Abordagem

Os dois principais objetivos no manejo de indivíduos com HTG são:

  • Prevenção dos desfechos adversos da doença cardiovascular aterosclerótica (DCVA), como infarto do miocárdio, AVC e procedimentos de revascularização

  • Profilaxia de episódios de pancreatite aguda.

Para ambos os objetivos, não há níveis específicos de tratamento recomendados por diretrizes baseadas em evidências para os triglicerídeos.

Metas para os triglicerídeos

As diretrizes de 2018 da American Heart Association e do American College of Cardiology (AHA/ACC) sugerem uma estrutura que consiste em duas categorias de HTG: HTG moderada (triglicerídeos em jejum ou sem jejum 2.0 a 5.6 mmol/L [175-499 mg/dL]) e HTG grave (triglicerídeos em jejum ≥5.6 mmol/L [≥500 mg/dL]).[2] Para a HTG moderada, o consenso de especialistas do ACC de 2021 usa uma definição de triglicerídeos em jejum ≥1.7 mmol/L (≥150 mg/dL) ou triglicerídeos sem jejum ≥2.0 mmol/L (≥175 mg/dL) e triglicerídeos <5.6 mmol/ L (<500 mg/dL).[9] As diretrizes da AHA/ACC afirmam que existem muitas causas de lipoproteína de muito baixa densidade (VLDL) elevada e recomendam que é razoável reduzir os níveis de VLDL para reduzir o risco de DCVA.[2] Em pacientes com HTG grave, a VLDL e as partículas remanescentes elevadas aumentam o risco de DCVA, e os quilomícrons em jejum aumentam o risco de pancreatite aguda; portanto, as diretrizes da AHA/ACC sugerem que as terapias devem abordar os excessos em todas as classes de lipoproteínas ricas em triglicerídeos.[2]

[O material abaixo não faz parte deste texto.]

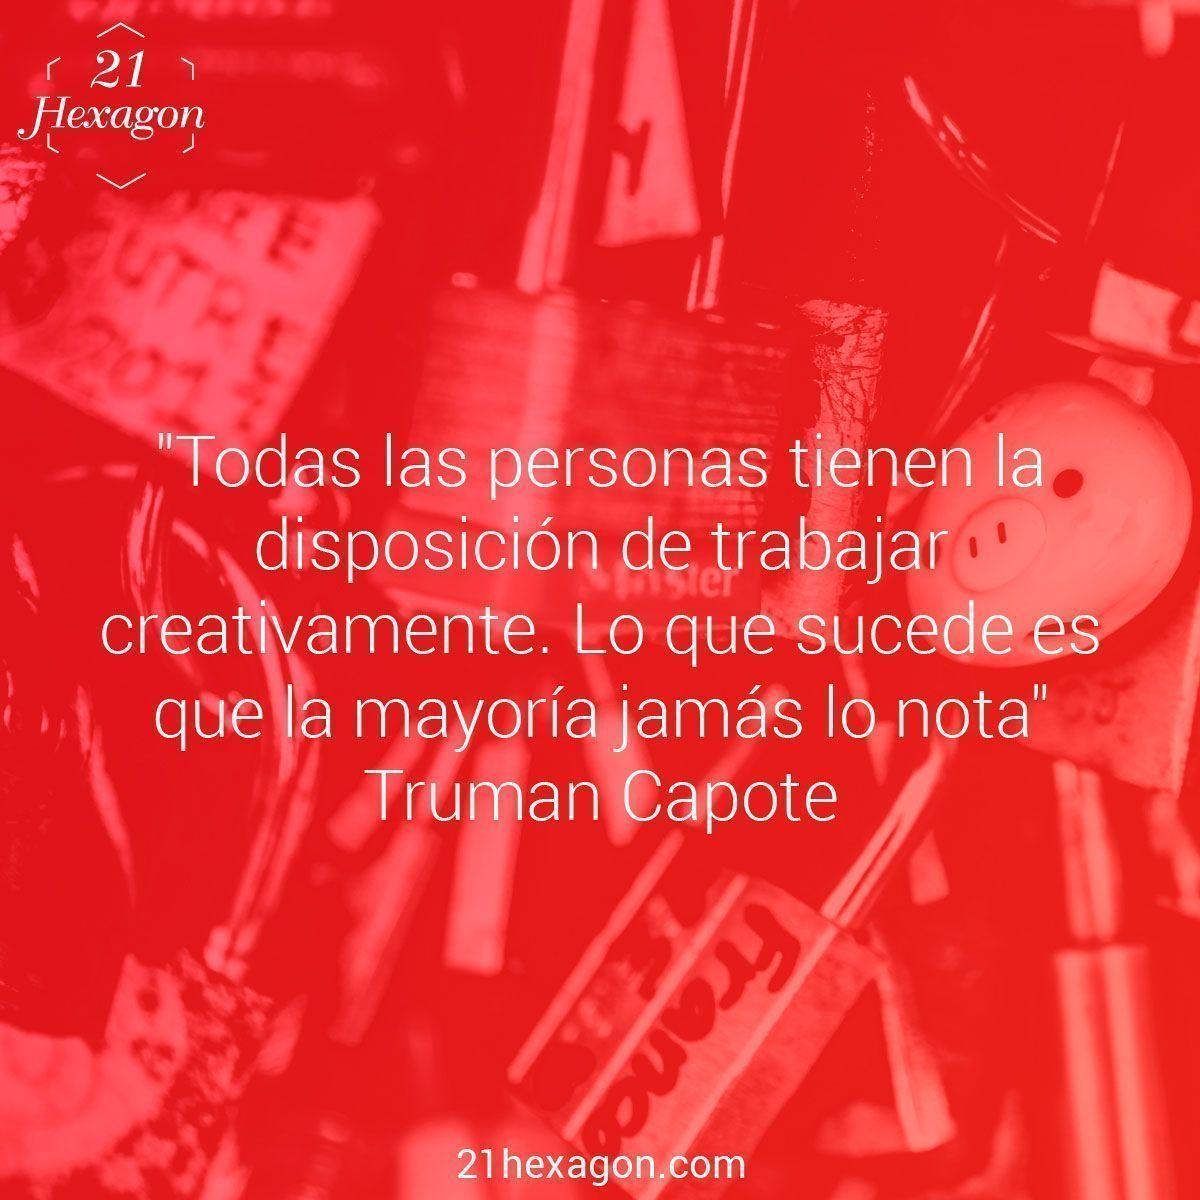 quotes_21hexagon_6.jpg

As diretrizes de 2019 da European Society of Cardiology e da European Atherosclerosis Society (ESC/EAS) recomendam que os níveis de triglicerídeos <1.7 mmol/L (<150 mg/dL) estão associados a um menor risco de DCVA.[11] Afirmam ainda que, se os níveis de triglicerídeos forem maiores que isso, devem ser empreendidos esforços na modificação do risco cardiovascular global, com foco em outros fatores de risco, como colesterol LDL e pressão arterial. As diretrizes de 2017 da American Association of Clinical Endocrinologists e do American College of Endocrinology (AACE/ACE) afirmam explicitamente que triglicerídeos <1.7 mmol/L (<150 mg/dL) é uma meta para os pacientes com risco de DCVA.[58] Em pacientes com HTG grave e triglicerídeos ≥5.6 mmol/L (≥500 mg/dL), a redução dos níveis de triglicerídeos é recomendada para reduzir o risco de pancreatite aguda.[2][9]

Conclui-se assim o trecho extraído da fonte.